Thursday, December 21, 2017

The Boy From Oz

Year: 2017
Director: Michael Gracey
Cast: Hugh Jackman, Michelle Williams, Zac Efron
Run Time: 1 hour 45 minutes
MPAA Rating: PG

You guys, the Mamma Mia 2 trailer premiered before The Greatest Showman, and if that movie isn't the most exciting slice of glitter pie that cinema has to offer in the coming year, then I'll eat my bedazzled hat. I can't wait to hear what obscure ABBA songs they're forced to pick and see how many clunky lines they can shove into Cher's mouth. The fact that a two and a half minute trailer for a movie that will almost certainly be a beautiful disaster excited me more than The Greatest Showman should probably say something, but this review still isn't a negative one. Let's jump into it!

Hey Hugh Jackman, it's nice to see you without mutton chops.

The Greatest Showman is a highly fictionalized (read: lies, all lies) telling of the life of P. T. Barnum (Hugh Jackman), which has opted to take his life full of exploiting "freaks" and enslaving animals and turn it into a wholesome movie about one man's dream to bring happiness to all people in spite of the haters. And here I thought The Disaster Artist was going to be the most thoroughly sanitized whitewashing of a real person's horrifying tendencies I saw in theaters this year.

Anyway, whatever. It's a movie musical. We don't get enough of them for me to go around boycotting any of them, and since when have movies actually been good with biographical material?
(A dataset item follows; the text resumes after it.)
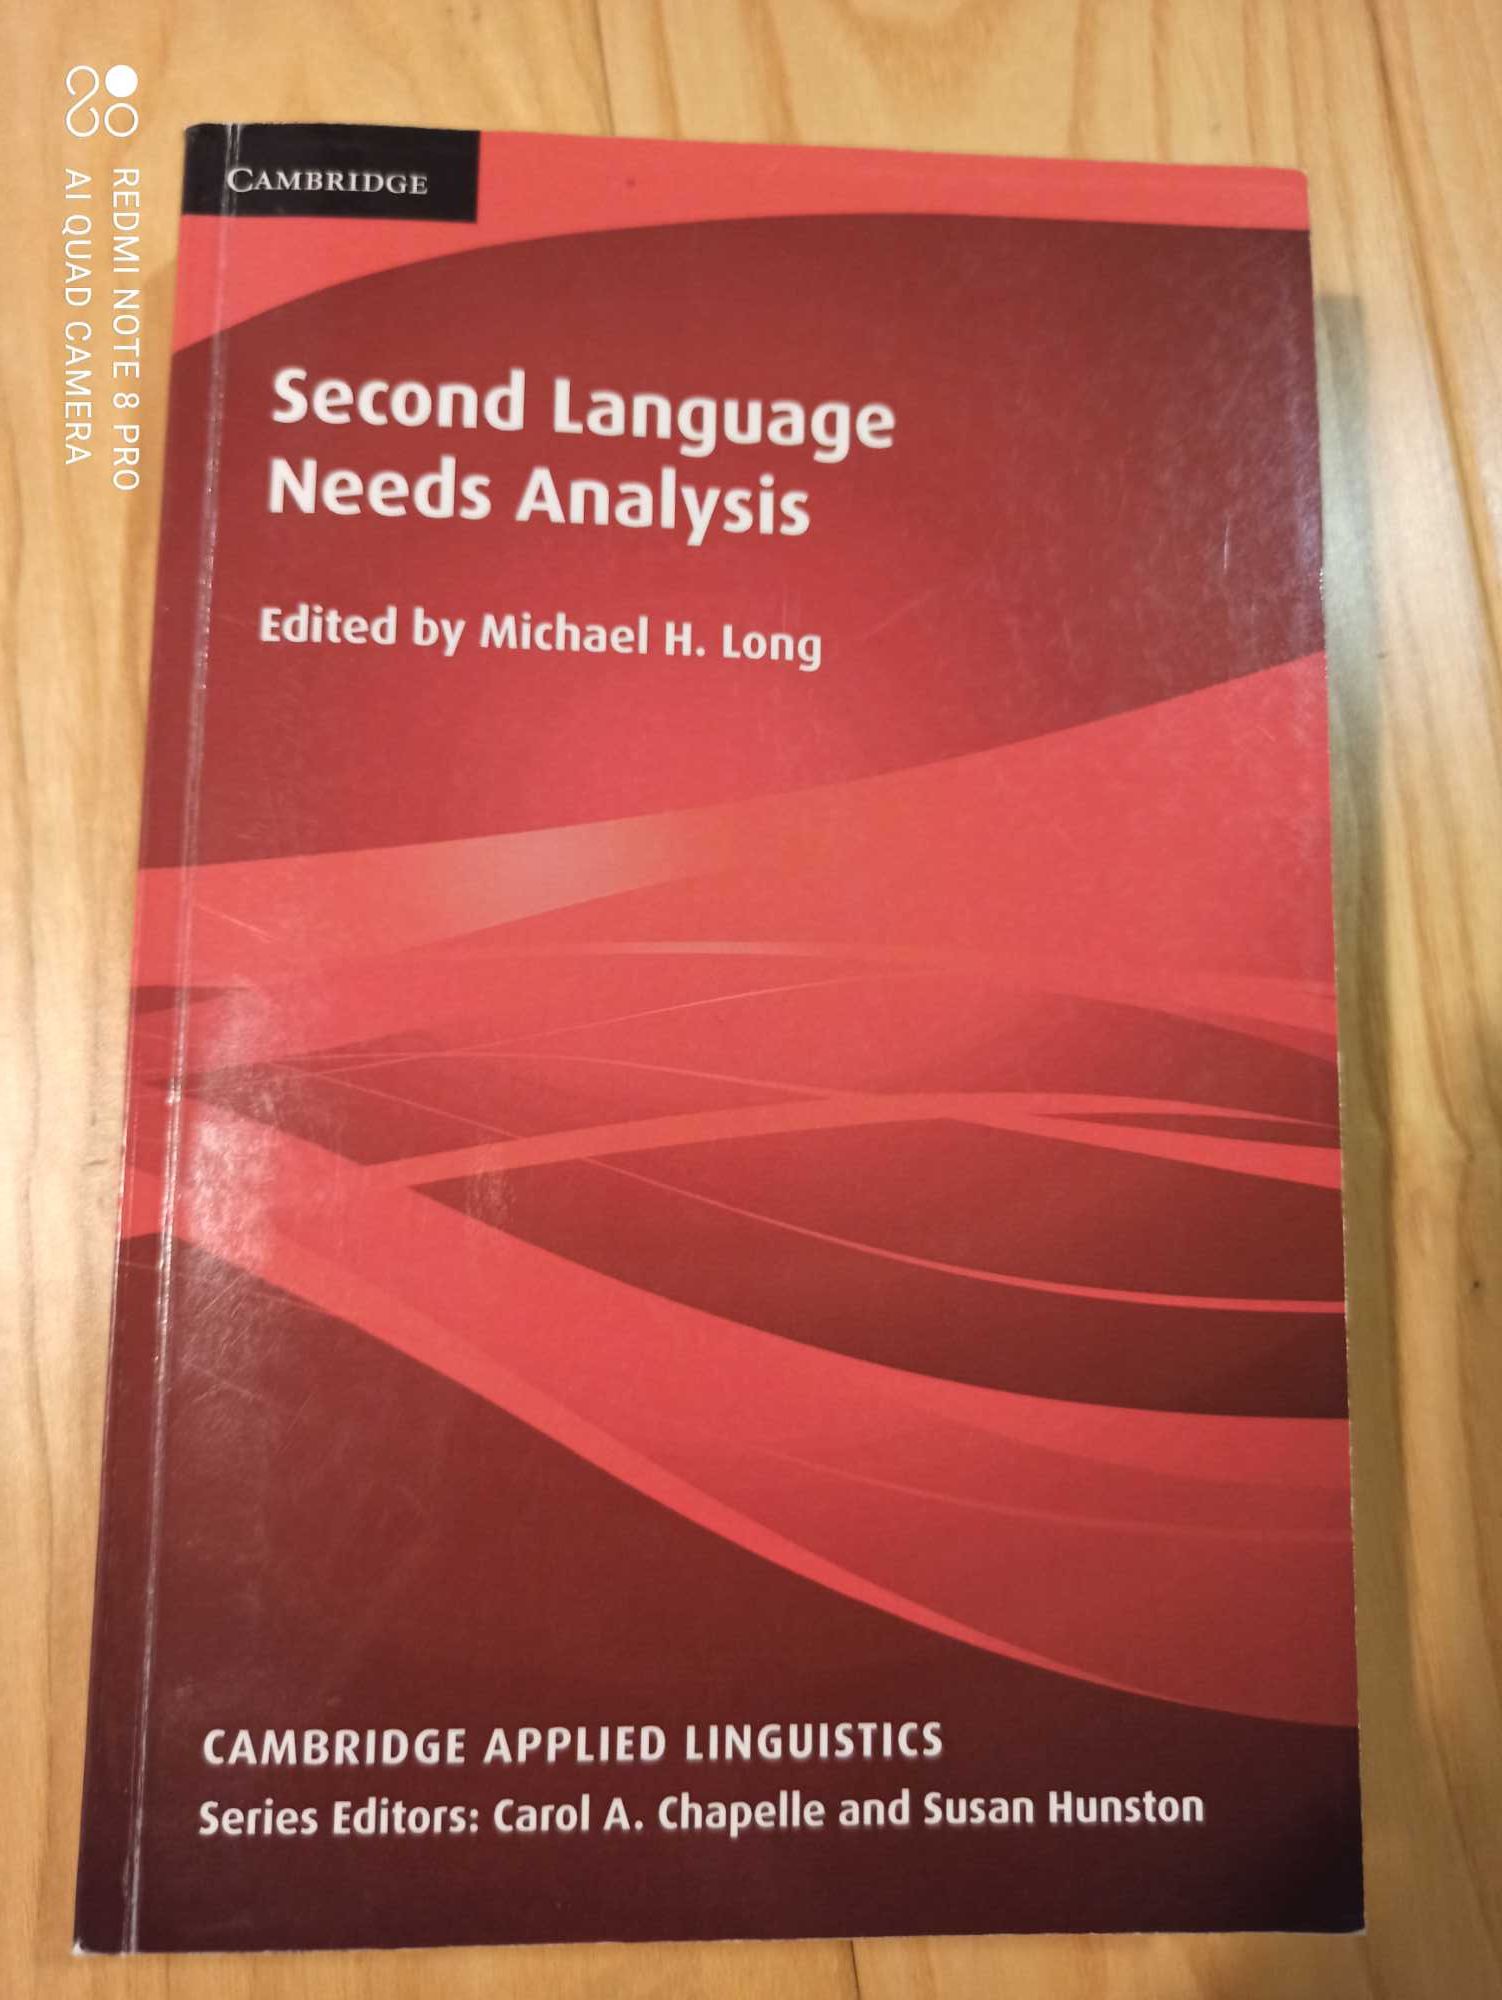 Second language needs analysis

So Barnum is struggling to make ends meet for his born-into-privilige-but-unwaveringly-supportive wife Charity (Michelle Williams) and their two ruthlessly adorable daughters. Through a bizarre combination of white savior-itis and feeling on the fringes of society, he decides to create the circus, a spectacular show of derring-do that highlights the outcasts of society including a little person dubbed Tom Thumb (Sam Humphrey), a bearded lady (Keala Settle), a brother-sister duo of African-American acrobats (Zendaya and Yahya Abdul-Mateen II), what seems to be Kate McKinnon in ghost makeup, and basically the entire cast of Newsies with either wigs or goop on their faces.

Seriously, these freaks are hot as f**k.

I don't want to be a bummer, so I'm gonna start with the worst thing about The Greatest Showman and work my way up into what I secretly kinda love about it. Here goes: The plot is totally boring. Anytime we're forced to spend any prolonged time with Barnum and his drama (or Michelle Williams, who is totally wasted in one of the most reductive, passive female roles in years), it begins to slide back into being a sludgy, nuance-free biopic, and nobody wants that.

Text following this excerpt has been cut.